Salmonella enterica serovar Dublin (S. Dublin) is a zoonotic infection that can be transmitted from cattle to humans through consumption of contaminated milk and milk products. Outbreaks of human infections by S. Dublin have been reported in several countries including high-income countries. A high proportion of S. Dublin cases in humans are associated with systemic illness. The genetic basis of virulence and invasiveness of S. Dublin is not well characterized. The aim of this study is to characterize the invasome of S. Dublin that enable the bacteria to cause systemic illness by the invasion of the bloodstream.
A set of S. Dublin submitted to Centre National de Référence des Salmonella, Institut Pasteur were selected for whole genome sequencing (WGS). The set of isolates included 22 human invasive isolates; 19 isolates from blood and 2 isolates from urine in addition to one isolate from pus. For comparison, we included 6 clinical non-invasive isolates from stool and 7 veterinary isolates. We also included the original S. Dublin isolate isolated from the stool of a patient in Dublin, Ireland (WS247) in 1929 giving the name of Dublin serovar. Furthermore, the reference S. Dublin isolate; SARB13 isolated in France from cattle in 1982 was also included in this study. Genomic DNA was prepared for Illumina pair-end (PE) sequencing using the Illumina NexteraXT® and the libraries were sequenced using an Illumina platform and MiSeq Control Software 18.104.22.168. All isolates were pair-end sequenced using 100bp PE libraries. Reads were assembled using Velvet and the best possible assembly with the highest N50 value was
annotated using RAST server. BLASTn was used for the alignment of virulence genes and genomic regions. Single nucleotide polymorphisms (SNPs) were identified using samtools mpileup. The best-fit model for nucleotides substitution was determined by jModelTest then a maximum likelihood (ML) phylogeny based on SNPs was constructed by MEGA6 software using 1000 bootstrap replicates. Acquired antimicrobial resistance genes were determined using ResFinder available from Center for Genomic Epidemiology https://cge.cbs.dtu.dk//services/all.php.

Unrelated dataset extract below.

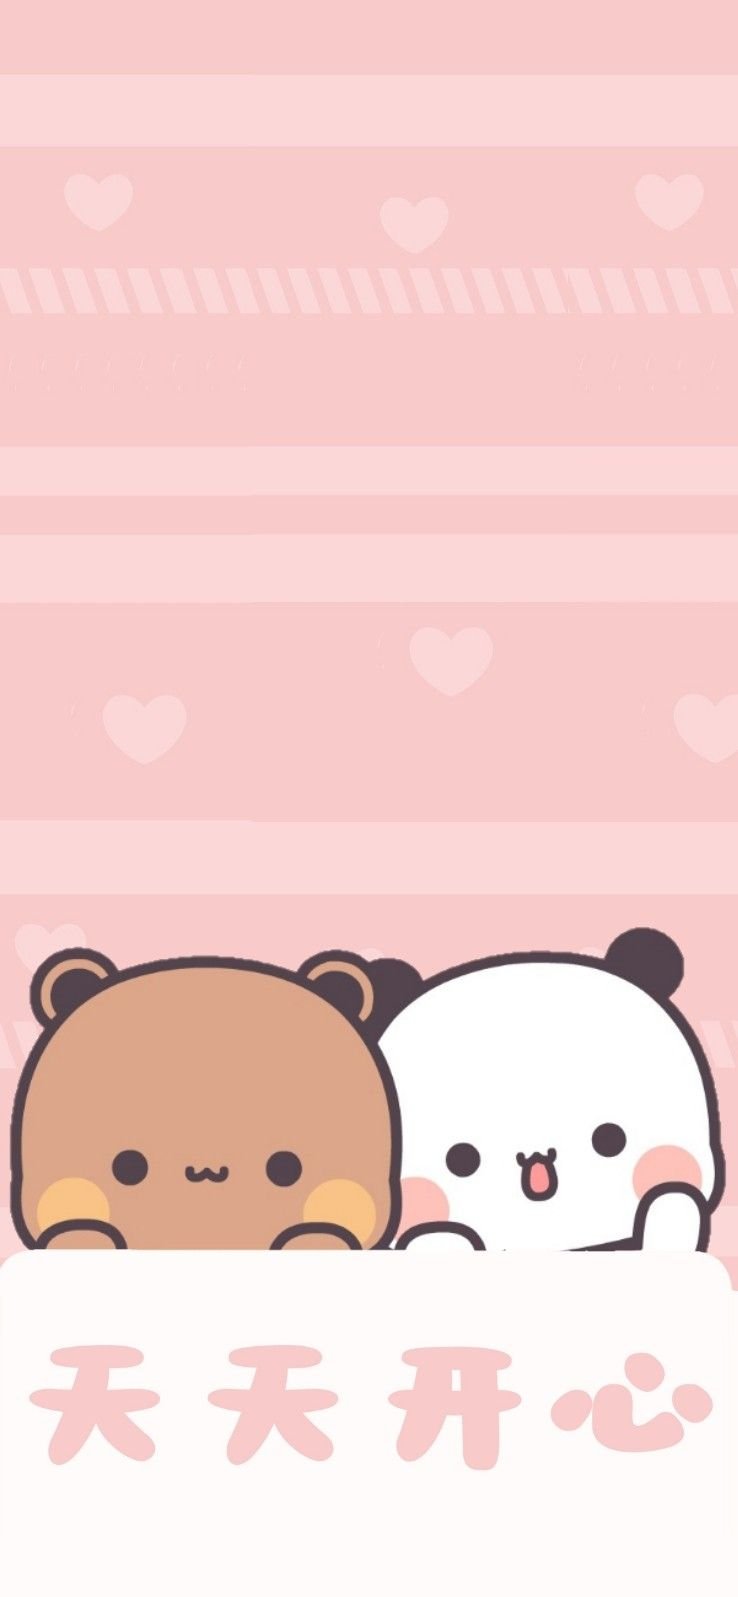 Cute white and brown bear Wallpaper

WGS revealed several mobile genetic elements (MGEs) that potentially enable the bacteria to cause invasive disease in humans including Gifsy-2 prophage, the novel pathogenicity island ST313-GI that harbours the putative virulence gene st313-td and Salmonella pathogenicity islands; SPI-6 harbouring T6SS, SPI-7 harbouring the Vi antigen and SPI-19 harbouring T6SS and the virulence plasmid. All S. Dublin isolates harbour Gifsy-2 prophage, SPI-6 and SPI-19 however the virulence plasmid, the pathogenicity island ST313-GI and the Vi antigen harboured by SPI-7 were absent from some S. Dublin invasive isolates indicating that they are not are the main virulence determinants in S. Dublin. Interestingly, two invasive human isolates from blood were resistant to multiple antibiotics; aminoglycosides, beta-lactam, sulphonamides, trimethoprim and phenicol indicating the emergence to multi-drug resistance in S. Dublin. The phylogenetic SNP analysis of S. Dublin isolates showed that invasive and gastroenteritis isolates were intermixed as SNPs were randomly distributed around the chromosome of S. Dublin.
WGS revealed several virulence factors that form the bacterial invasome and enable the bacteria to cause systemic illness in humans including Gifsy-2 prophage, T6SSSPI-6 and T6SSSPI-19 however no genomic markers were detected that differentiate among invasive and non-invasive isolates suggesting that host factors and immune response play a significant role in the disease outcome.